Я ходил за корректурами того, что я до сих пор сделал по «Мелким буржуа». Типография находится рядом с Сен-Жермен-де-Пре; мне пришла мысль войти в церковь, где красят купол, и я молился за вас и вашего дорогого ребенка у алтаря Девы. Слезы навернулись мне на глаза, когда я просил Бога сохранить вас обеих в жизни и здравии. Моя мысль устремилась даже к Неве. Возможно, возвращаясь с тех высот, я принес с собой отблеск того идеального трона, перед которым мы преклоняем колени. С каким рвением, каким пылом, каким самоотречением я чувствую себя связанным с вами навсегда — «на время и на вечность», как говорят набожные люди.
По дороге домой я купил за пятнадцать су на набережной «Мемуары Лозена», которые никогда не читал. Я просмотрел их в омнибусе, возвращаясь в Пасси, где ваш крепостной, восстановившись в своем кресле, пишет это вам в ожидании обеда.

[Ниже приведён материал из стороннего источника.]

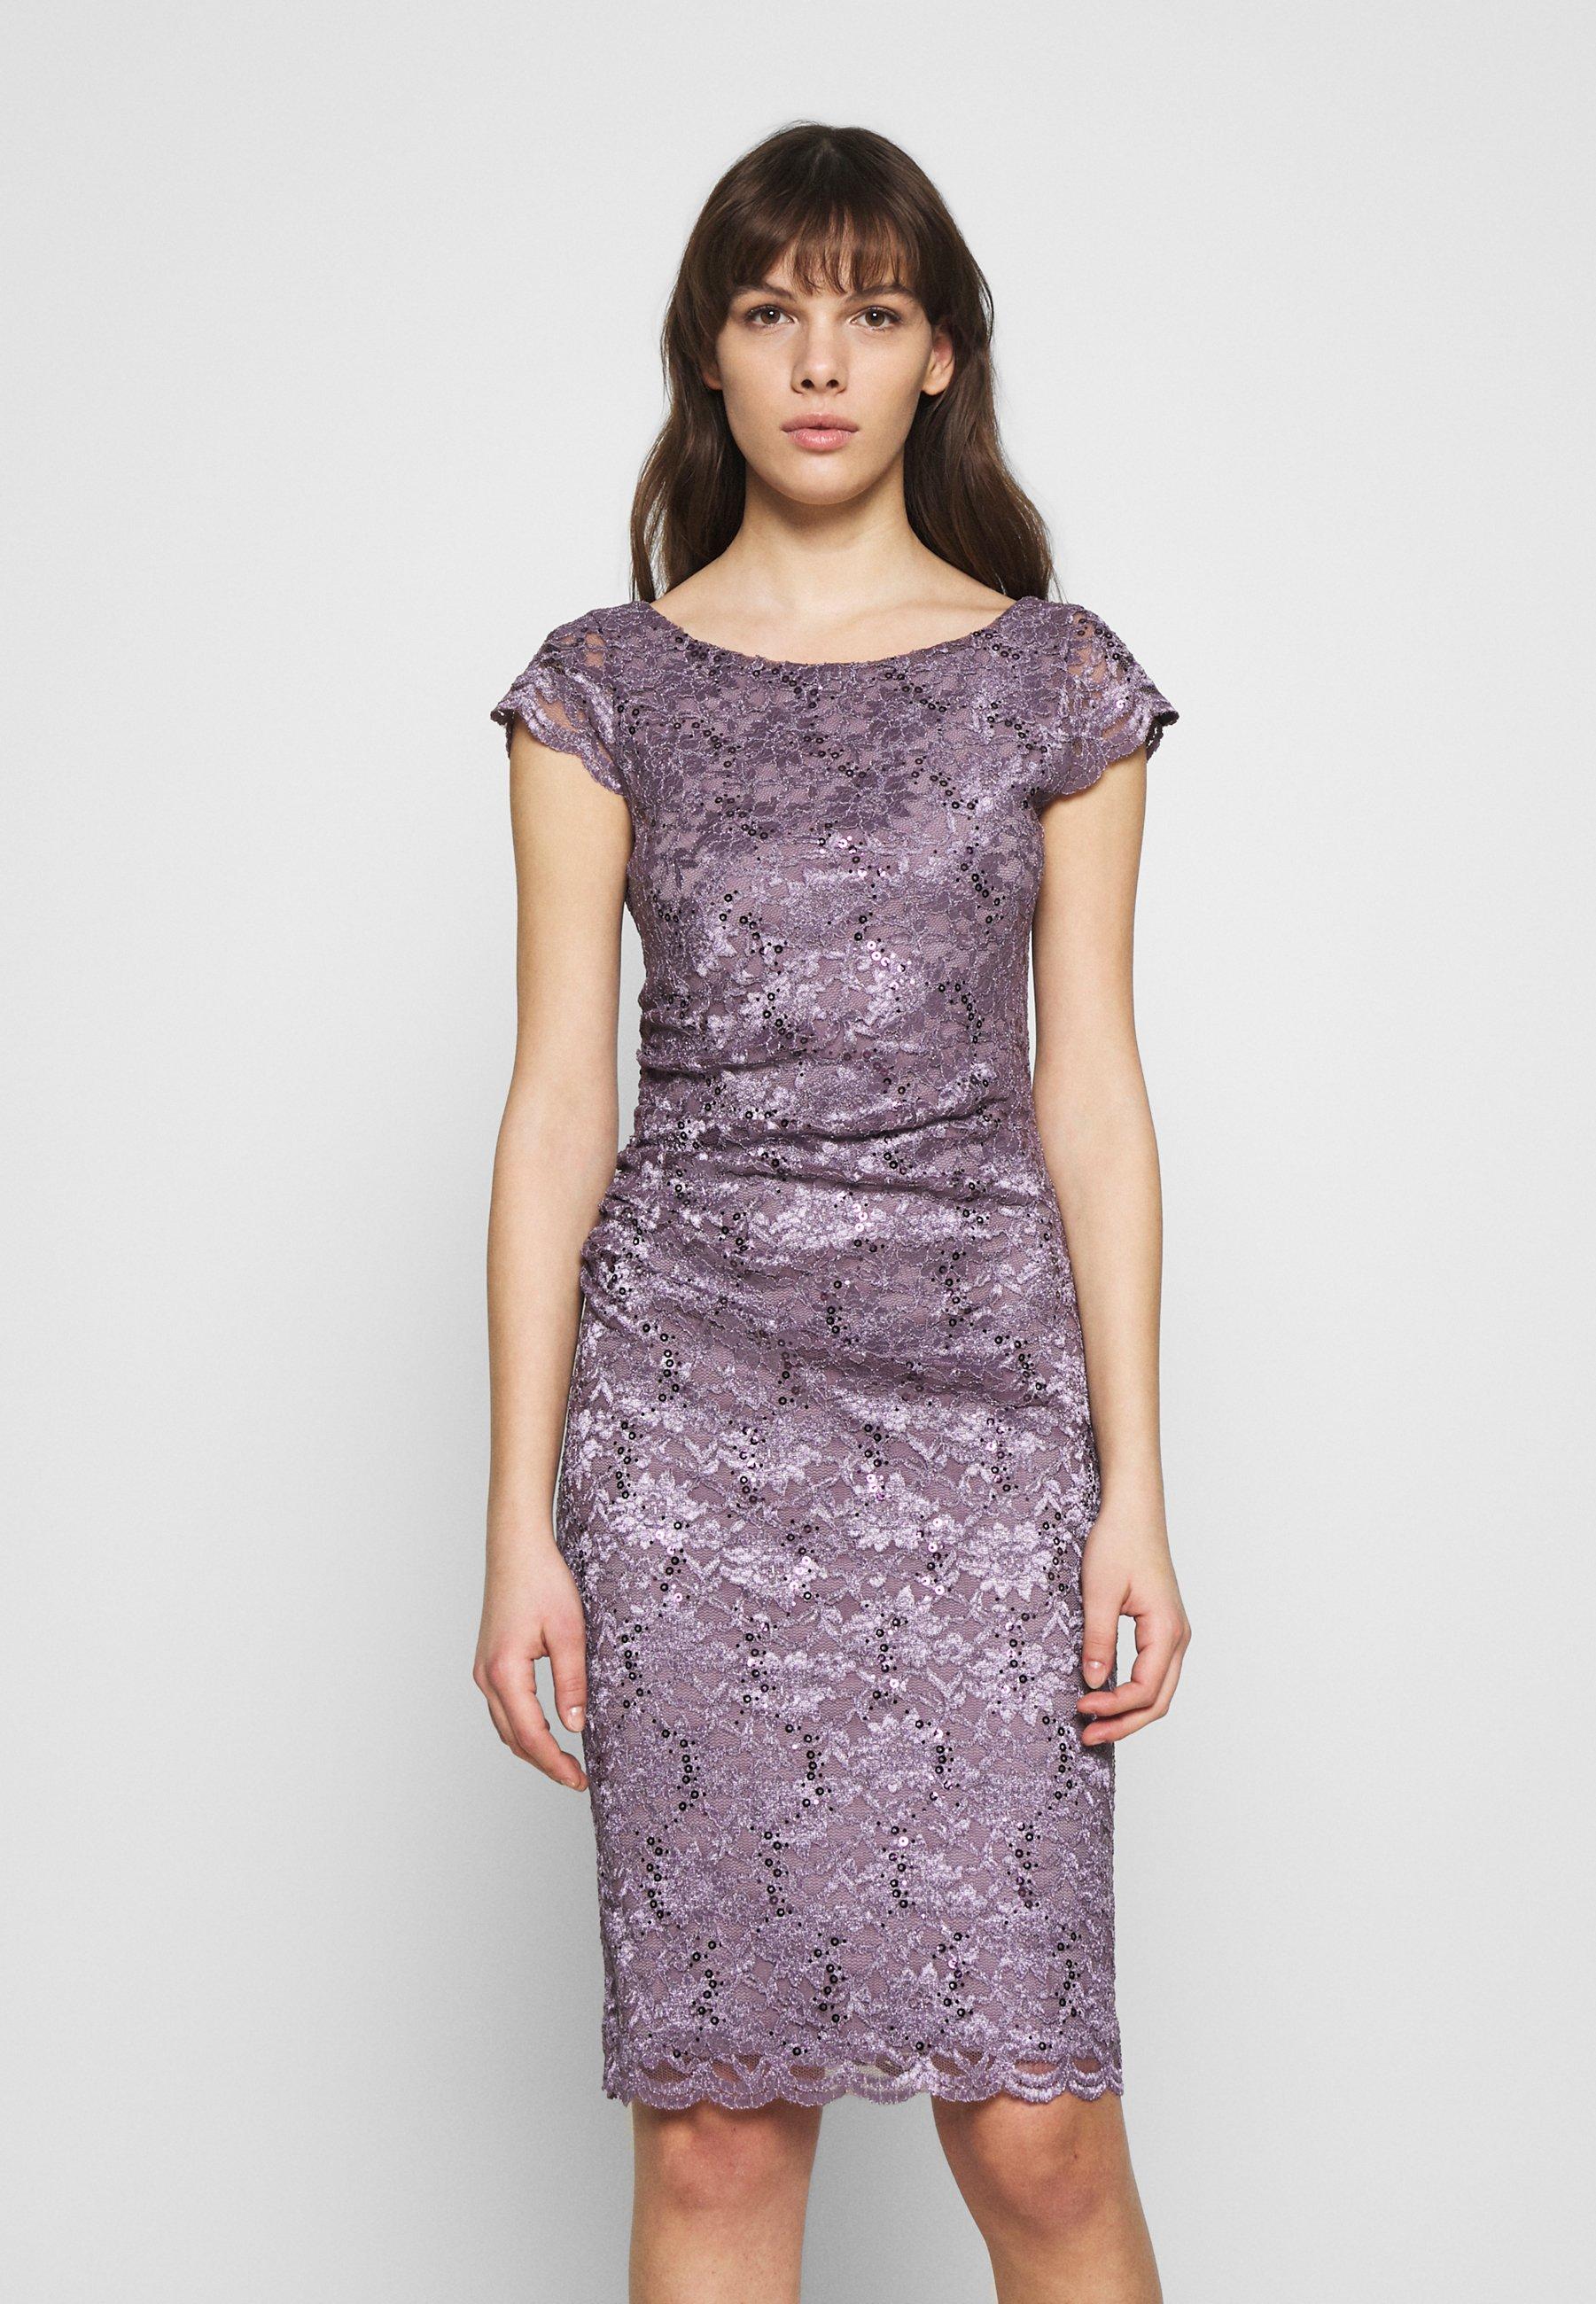 Cocktailkleid/festliches Kleid - grau/violett

Какая странная вещь, что честный, мужественный человек, который, кажется, имел много сердца во всех случаях, когда ему это было нужно, мог с такой легкостью обесчестить женщин, которых он якобы любил! Я думаю, тщеславие, будучи доминирующей чертой его характера, задушило то, что было действительно хорошего и щедрого в нем. Разве он не намекает нам, что не хотел бы Марию-Антуанетту в расцвете ее юности и престиже ее величия? Это была гнусная клевета и бесполезная жестокость, если подумать о положении той бедной королевы в период, когда писались эти Мемуары. В других отношениях этот бедный Лозен вызывает жалость; он даже не подозревает, считая себя обожаемым, что его никогда не любили, даже слабо. Человек столь тщеславный не терпится большинством женщин, которые хотят исключительного поклонения для себя и не примут, если только на мгновение, присутствия соперничества, столь же агрессивного, сколь и ненасытного — соперничества любовника самого себя. Итак, мы видим, как принцесса К... быстро покинула его; это ужасно.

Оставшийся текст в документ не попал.